While he’s not thrilled that his truck’s wheels won’t be turning, he understands the rules, and he and the wife tighten their belts a bit.

Weeks later, he passes a post-surgery physical and is feeling as good as new. It’s now late May, and a recovered Dave is starting to wonder what the status of his licence is. He’s told by the Ministry of Transportation he was supposed to take a stress test. It’s news to him. It must have slipped the doctor’s mind, and the MTO didn’t bother giving him a head’s up either.

“It says nothing about a stress test in their paperwork listing all the requirements,” he tells me. “I’m just a truck driver. What do I know about a stress test? All I needed was a letter weeks before saying, ‘don’t forget this is what you need to do.'”

So he books a stress test. Meanwhile, there’s still no new digits on either his ’95 Eagle International’s odometer or in his bank account.

It’s now late June, and the cardiologist who administers the stress test gives him a verbal thumbs up after the results come in. “He basically said I’m okay to go,” Dave tells me. One last hurdle to jump, however: send the results to the MTO, whose own physicians are supposed to review the paperwork and rubberstamp it. He faxes the stress-test results on June 28.

It’s now mid July and still no licence. He’s calling the MTO, who say they’ll look into it and get back to him. Trying a different route, he calls his local MPP, who tells him to be patient. Next he dials up the Premier’s office, whose office manager, Dave says, was sympathetic, but refers him back to the MTO. By now, he’s cashed in all his RRSP’s and even tried putting a driver on his truck — a kid who, Dave says, is giving his truck a bit of a beating.

He finally gets through to a nice lady at the MTO’s medical review office who’s located his paperwork and apologizes — they misplaced it, she admits. But don’t worry, she says, it’ll be processed right away — right after the long weekend — or when the physicians who review this stuff meet (2-3 times a week, apparently).

And Dave waits some more.

“Look, I’m not asking for any preferential treatment,” Dave says. “I just want them to do what they need to do to get me on the road so I can do my job. Is that too much to ask?”

No it isn’t. And in my opinion, neither is “preferential treatment”. What’s wrong with moving someone whose licence is their livelihood to the top of the list? There should indeed be a separate, expedited process for truck drivers and cab drivers, even if it means moving ahead of the little old lady who takes her car 0.5 clicks to the corner store twice a week.
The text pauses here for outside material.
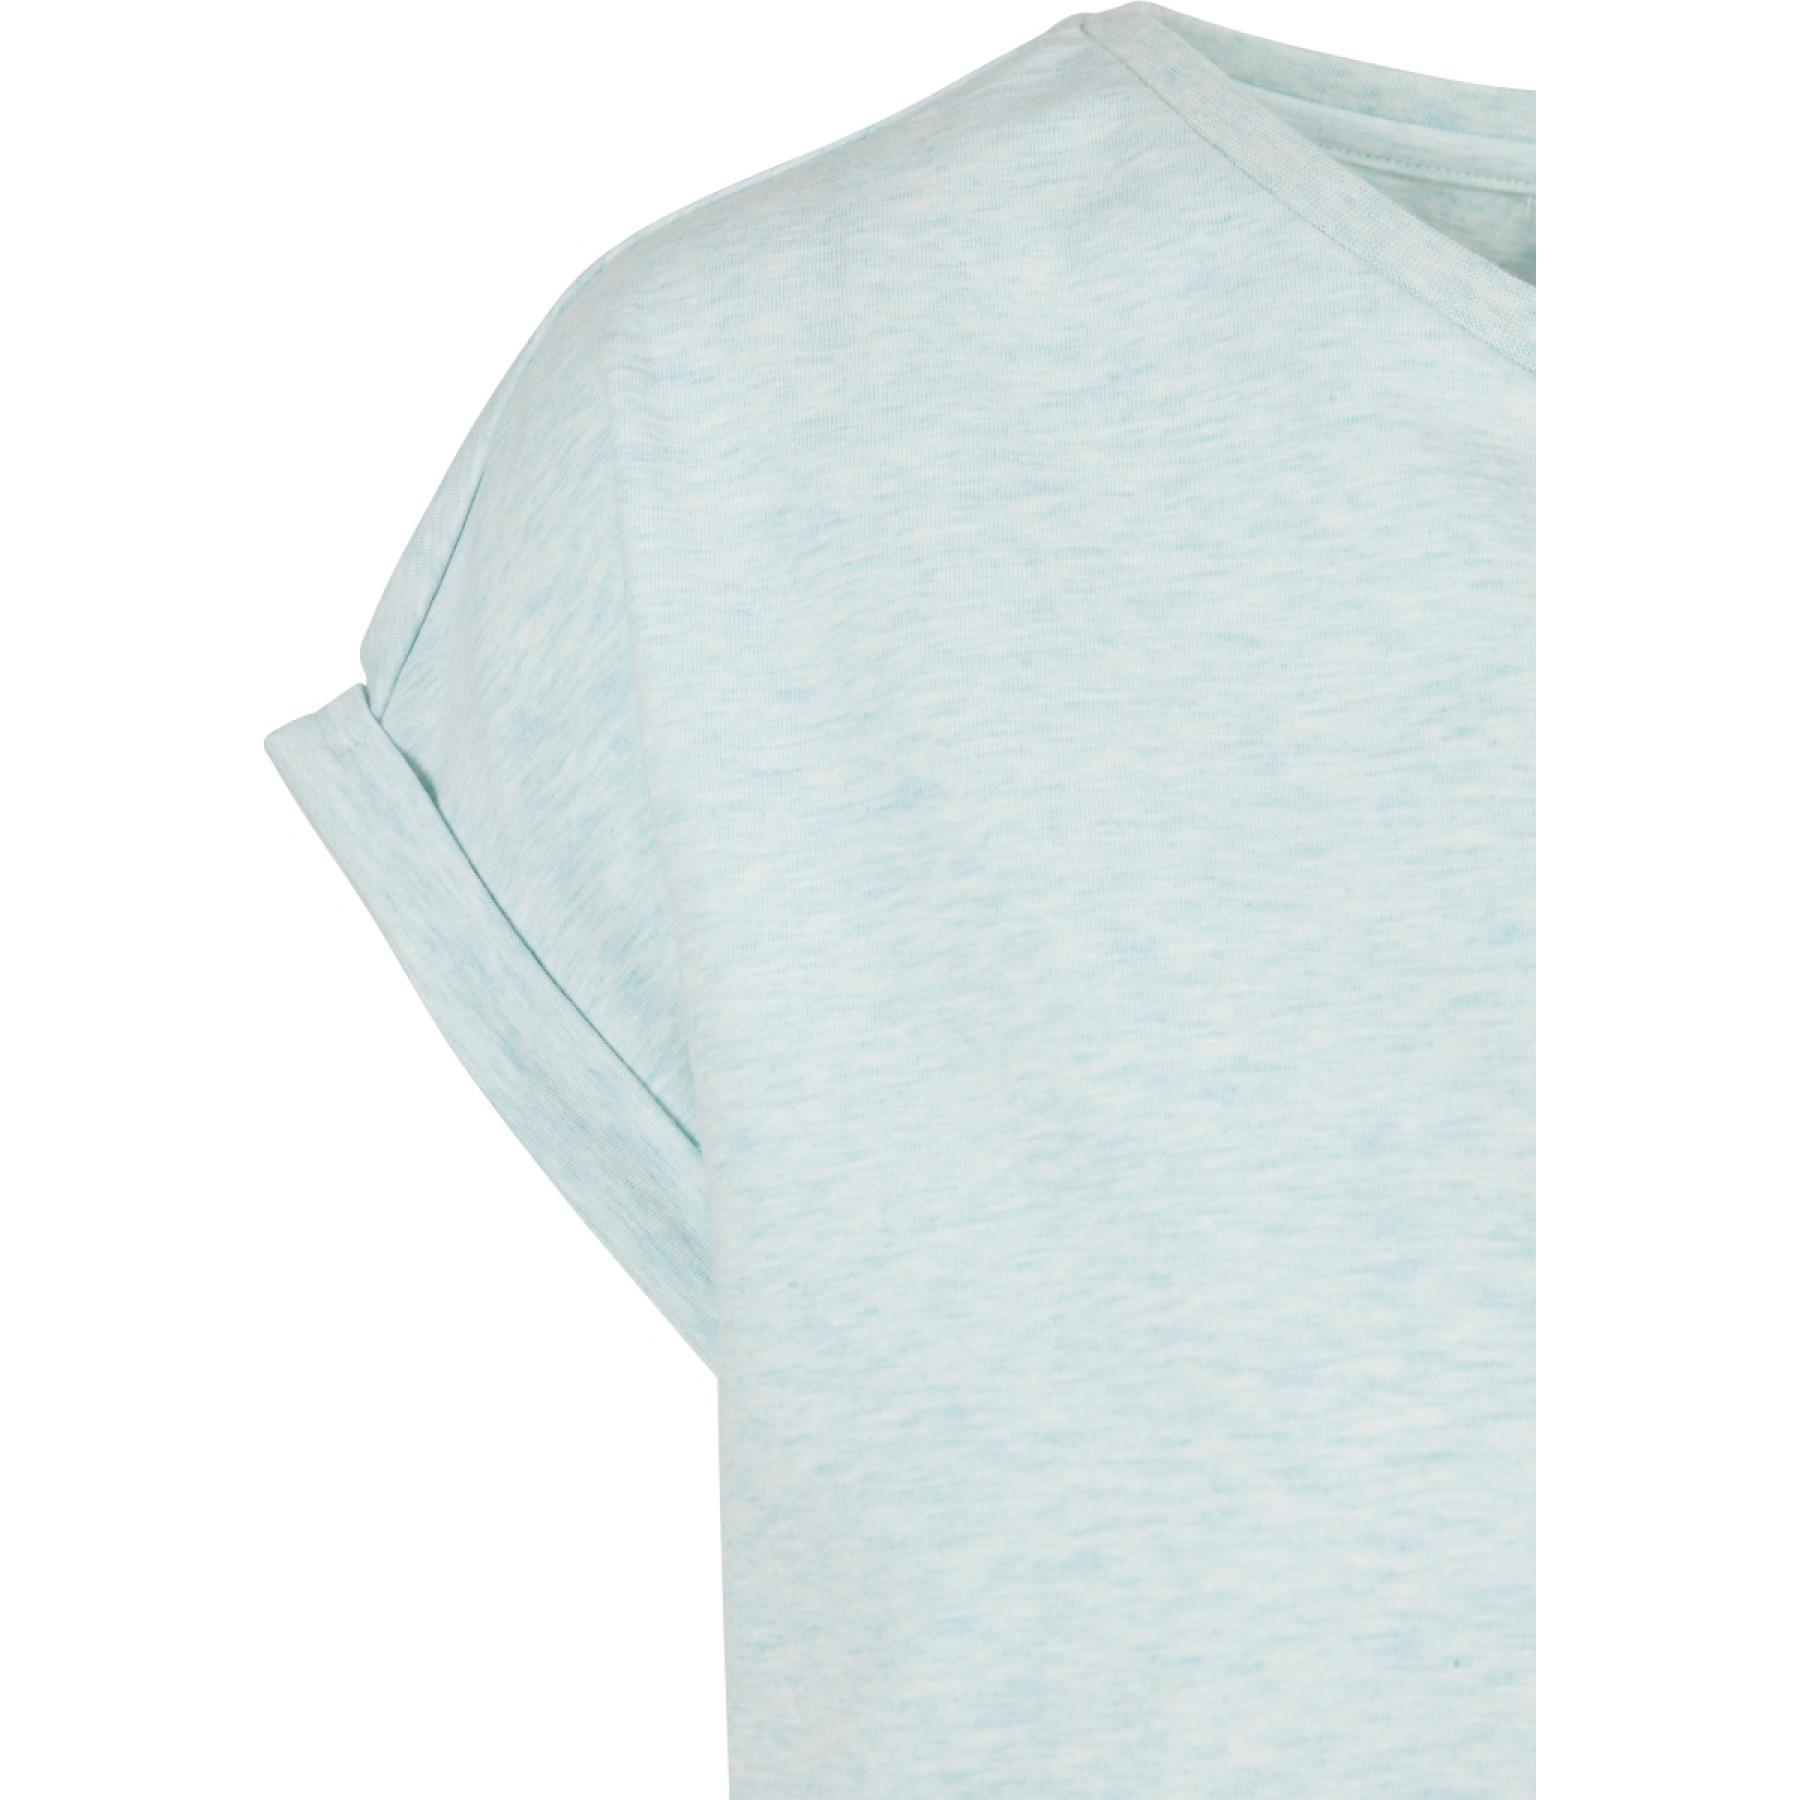 T-shirt mulher Urban Classics color melange extended shoulder
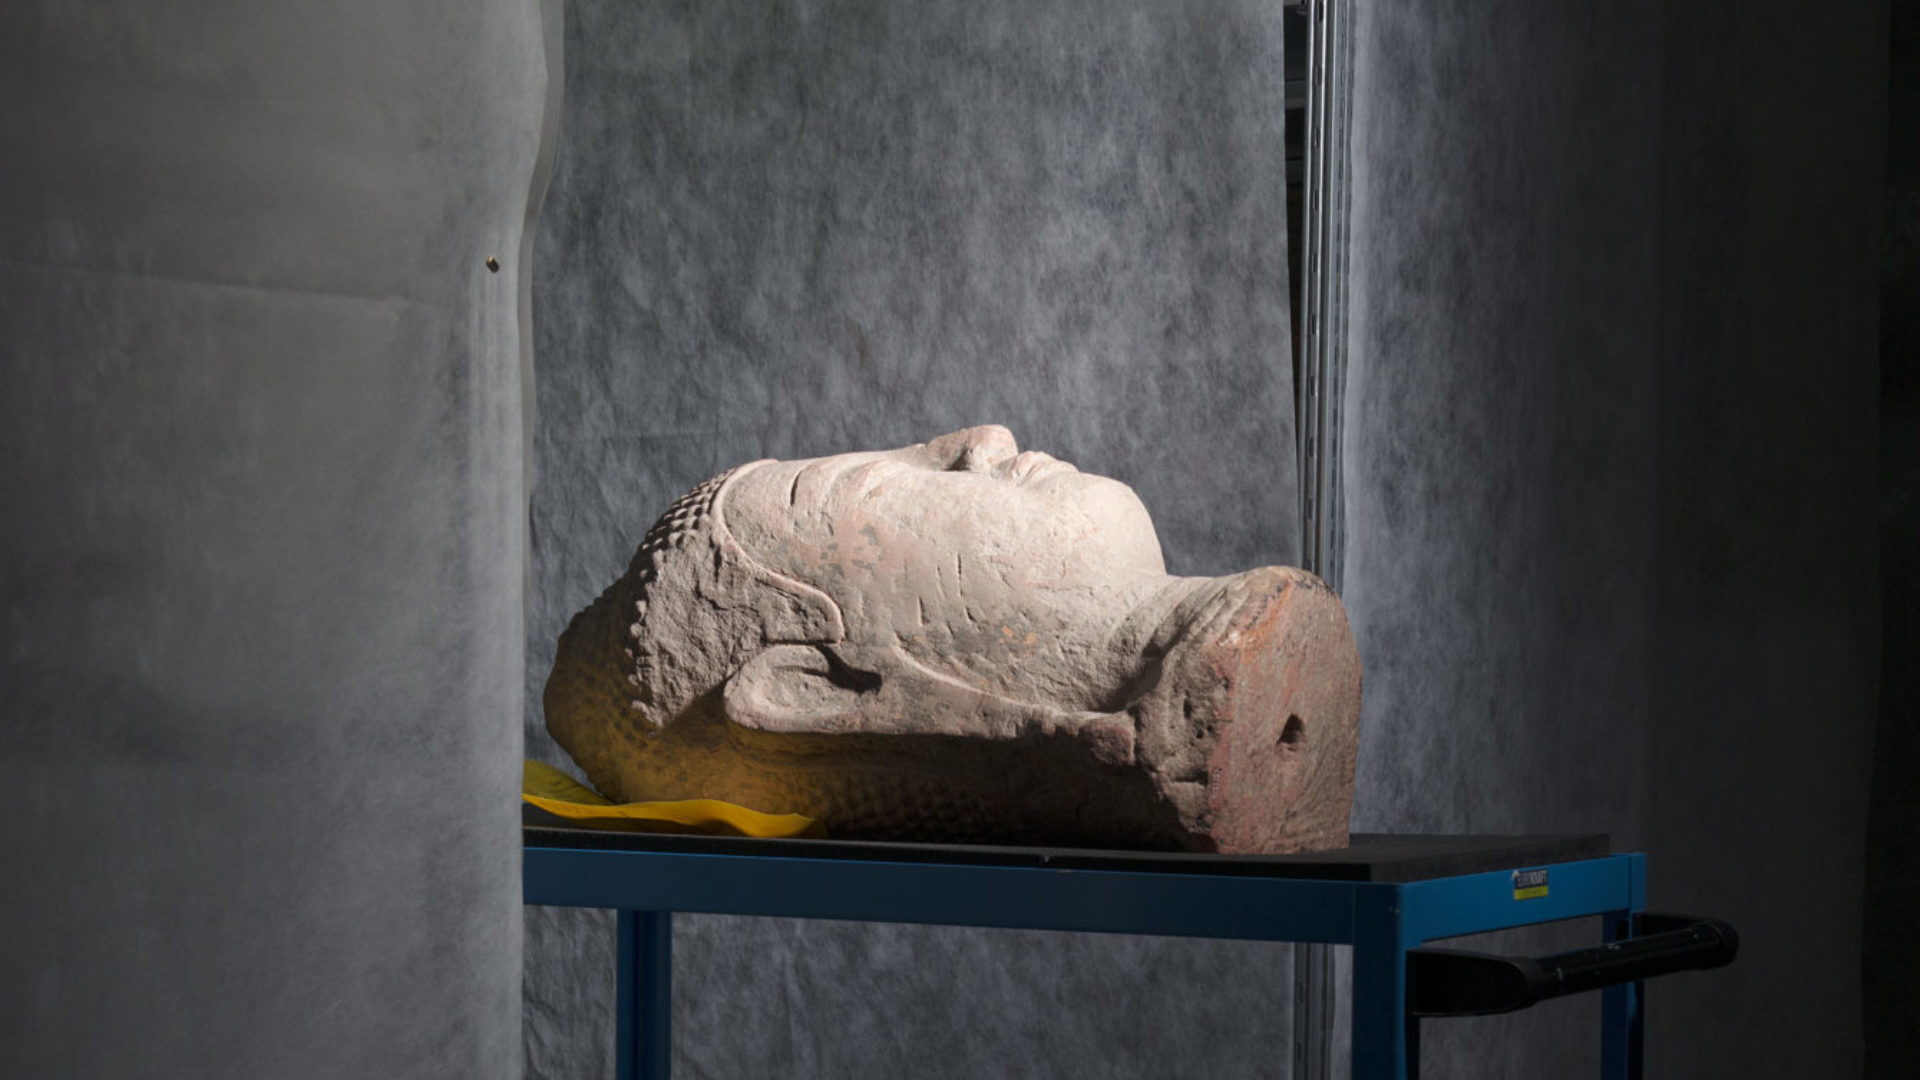 Tête de Bouddha de Thaïlande en pierre rougeâtre, photo prise au MEN de Neuchâtel  (photo Anne Golaz)

I called the MTO and asked if they would consider the idea. Ministry spokesperson Danna O’Brien — one of the nicest PR people around — got back to me. “No,” she said, quite frankly. Okay. Why not?

“It may be something worth looking at, but government is not going to wake up one day and decide to change the rules,” she says. “It’s up to industry to [lobby] us.” She has a good point.

So, the next call went to the Ontario Trucking Association, who said it’s an issue they’ve taken up in the past on behalf of members. Well, that’s nice, but what the Dave Cranleys of the world need is some heat on the MTO to change policy. Now I’m no bureaucrat or lobbyist, but it seems to me that expediting the approval process for those whose livelihoods are at stake is a relatively cheap and painless concept.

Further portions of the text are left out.